On 01/16/2026, he reported sales of 6,907 directly held shares at a weighted average price of $75.75 and 1,149 indirectly held shares at $75.78, described as automatic sales to cover tax withholding obligations. Separately, on 01/15/2026 he received a grant of 25,800 performance restricted stock units that may vest after a three‑year performance period, as well as additional restricted stock unit grants for himself and his spouse under the company’s equity incentive plan.

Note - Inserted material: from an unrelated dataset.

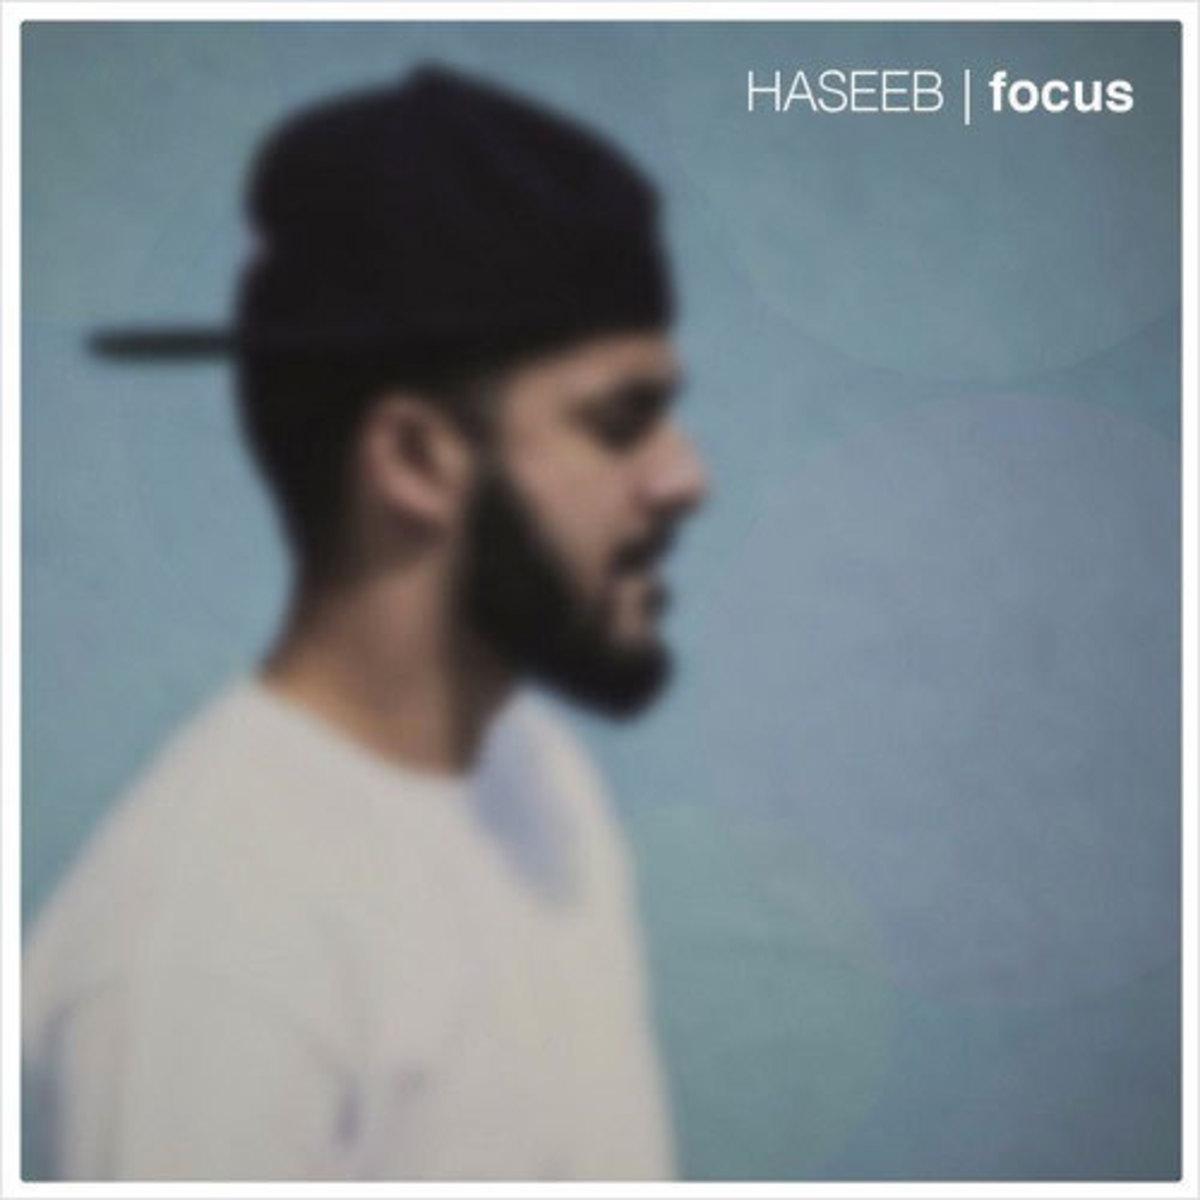 haseeb-focus.jpg

Ionis Pharmaceuticals plans an insider share sale under Rule 144. A holder intends to sell 9,884 shares of Ionis common stock through Morgan Stanley Smith Barney, with an approximate sale date of 01/16/2026 on the NASDAQ. The filing notes that 161,137,930 shares of common stock are outstanding.
The 9,884 shares come from restricted stock units granted on 01/15/2026 under the company’s 2011 Equity Incentive Plan, treated as compensation. Over the prior three months, the same account, using Morgan Stanley Smith Barney as seller, sold 23,463 common shares on 01/02/2026 for gross proceeds of $1,856,324.51. The signer represents they are not aware of any undisclosed material adverse information about Ionis.
Ionis Pharmaceuticals has a notice of proposed sale under Rule 144 for 6,999 shares of its common stock. The shares are expected to be sold on or about 01/16/2026 through broker Morgan Stanley Smith Barney on the NASDAQ market, with an aggregate market value of $559,920. The filing notes that these shares were acquired on 01/15/2026 as restricted stock units granted under the company’s 2011 Equity Incentive Plan and delivered as compensation. The filing also reports that 161,974,393 shares of Ionis common stock were outstanding, providing context for the planned sale size.
Ionis Pharmaceuticals has a planned insider sale disclosed through a Rule 144 notice. The filing covers the potential sale of 8,977 shares of common stock through Morgan Stanley Smith Barney on the NASDAQ, with an aggregate market value of $684,263.90. These shares were acquired on 01/15/2026 as restricted stock units granted under the company’s 2011 Equity Incentive Plan and classified as compensation. The planned sale date is approximately 01/16/2026. The filing also notes that 161,137,930 shares of Ionis common stock were outstanding, providing context for the size of this transaction.